What this task involves
The answer must be the full data, restated word for word, with no pictures in it.

Data segment
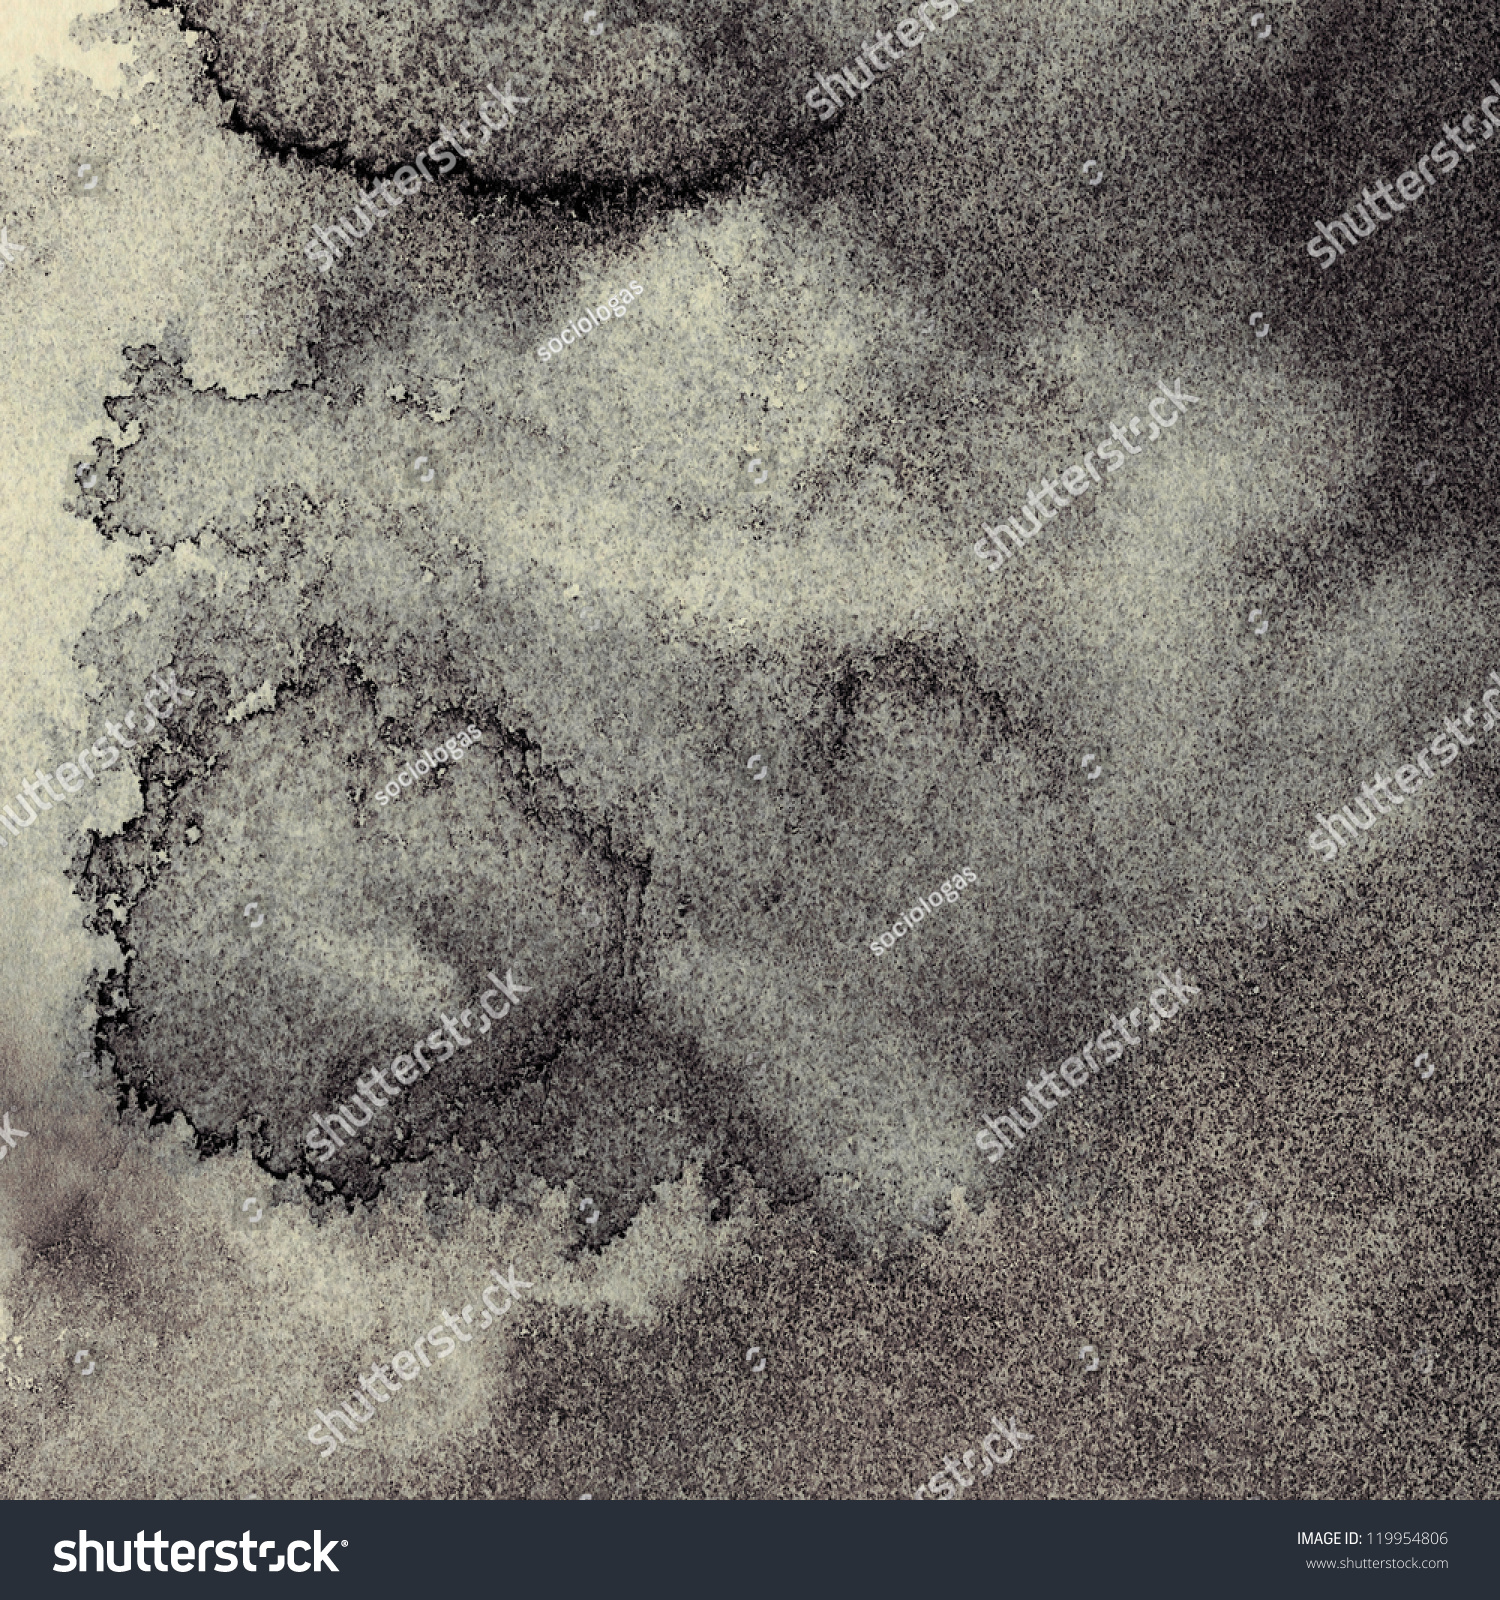 Abstract Painted Grunge Background Ink Texture Stock Illustration ...
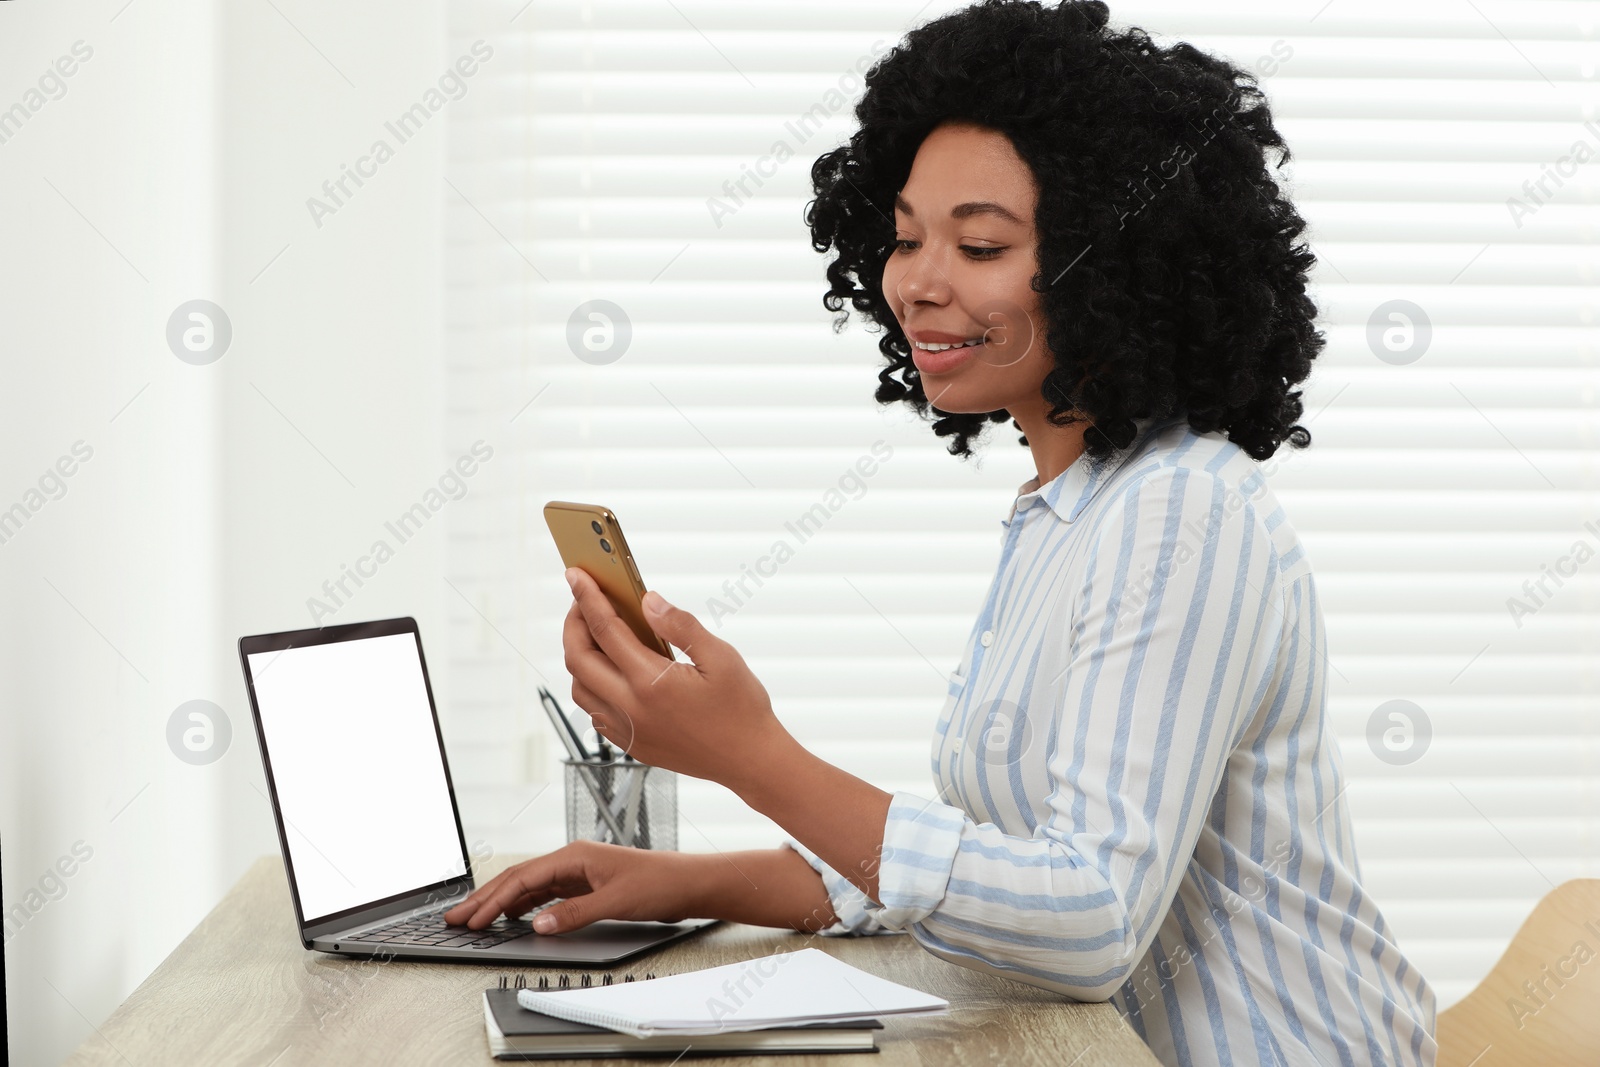 Photo of Happy young woman with smartphone using laptop at wooden desk indoors
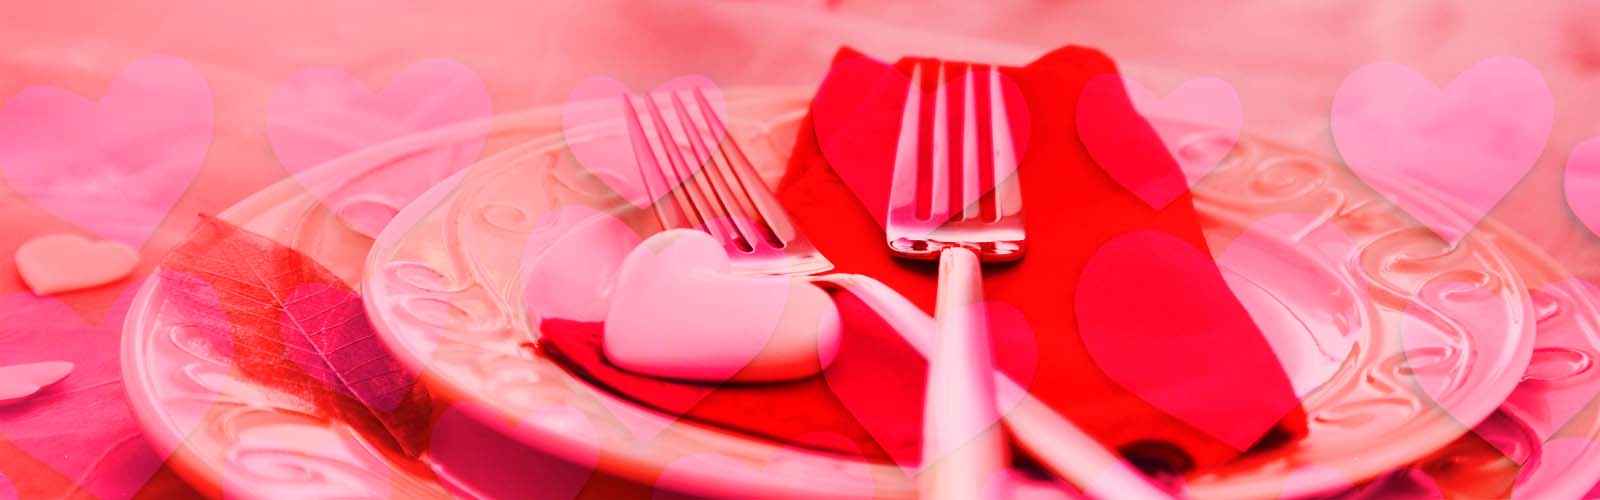 Pink and red dinner plate with hearts

Task output
 Abstract Painted Grunge Background Ink Texture Stock Illustration ...
 Photo of Happy young woman with smartphone using laptop at wooden desk indoors
 Pink and red dinner plate with hearts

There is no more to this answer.